ChatGPTメモリの上限を増やす方法はありますか?

現在、設定で任意に容量を増やすオプションは提供されていません

メモリ容量の上限を増やす方法は、有料プランへのアップグレードのみです。

無料プランからChatGPT Plus、Pro、Teamなどに切り替えることで、保存可能なトークンの上限が大幅に緩和されます。

ChatGPTメモリはほかのユーザーと共有できますか?

いいえ、共有できません

メモリは各ユーザーのアカウントに紐付けられたプライベートな情報です。同じChatGPT Teamワークスペースに所属していても、ほかのメンバーとメモリを共有することは不可能です。

共有したい情報は、テキストとしてコピー&ペーストして伝える必要があります。

まとめ

本記事では、ChatGPTのメモリ機能について解説しました。最後に、記事の内容をおさらいしておきましょう。

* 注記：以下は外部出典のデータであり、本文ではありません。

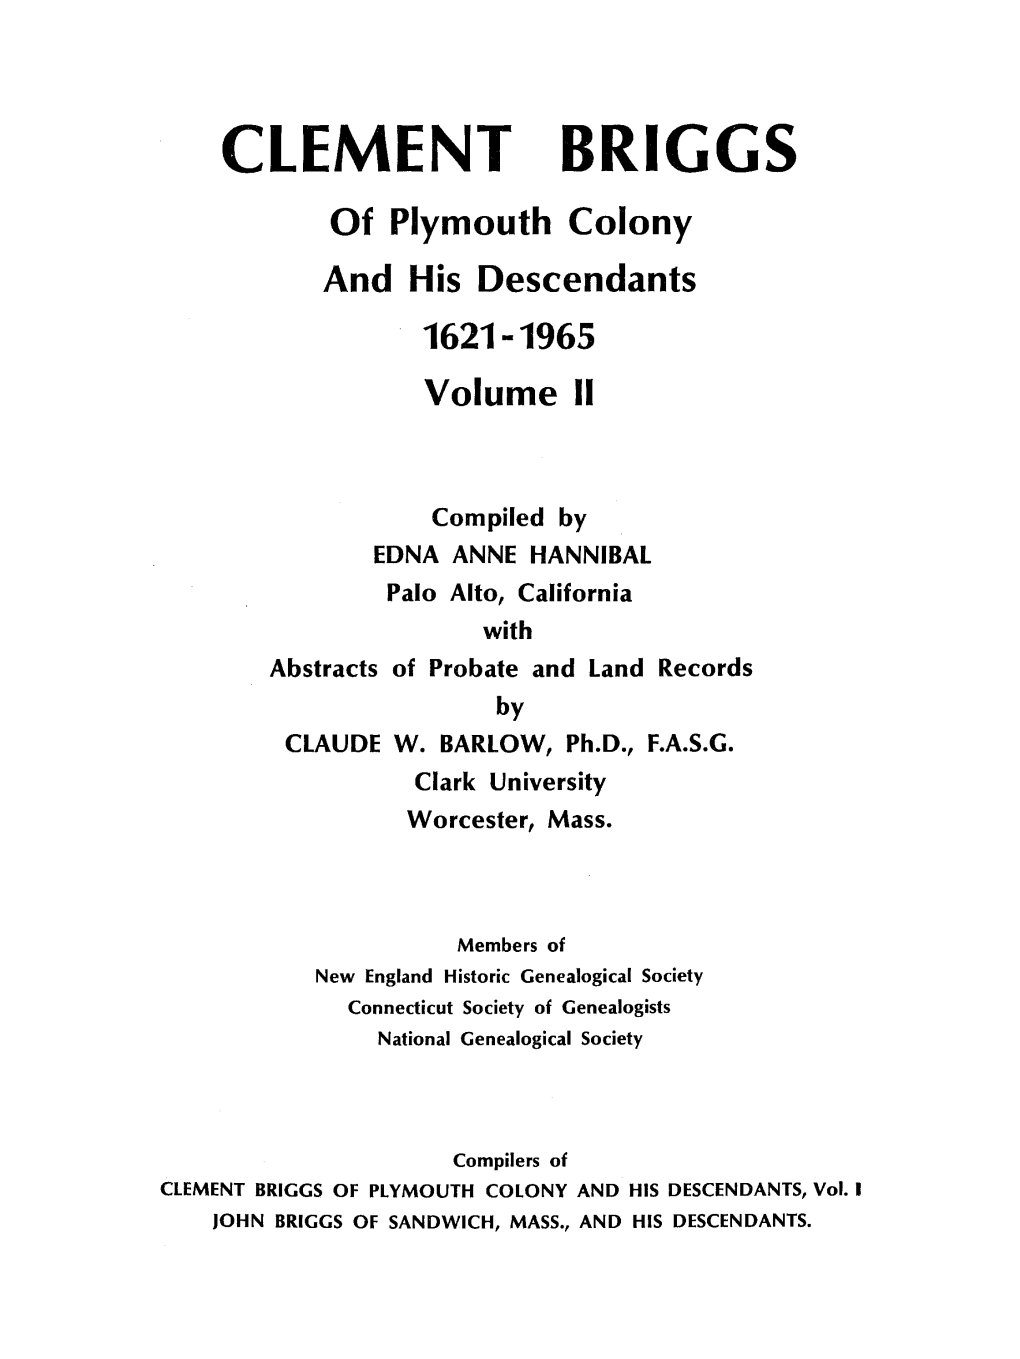 CLEMENT BRIGGS of Plymouth Colony and His Descendants 1621-1965 Volume II

  • メモリ機能によりChatGPTはユーザーの情報を記憶しパーソナライズされた応答が可能になる
  • 会話を通じて自動的に学習するため使うほどに賢くなっていく
  • 設定画面や会話からメモリの確認・削除・管理が簡単に行える
  • 有料プランではメモリ容量と参照機能が大幅に拡大される
  • プライバシーをコントロール可能でいつでも機能をオフにする選択肢がある

ChatGPTのメモリ機能は、AIアシスタントとの対話を根本的に変える革新的な機能です。ぜひあなた自身や仕事に関する情報をChatGPTに伝えて、より効率的で快適な対話体験を実現してみてください。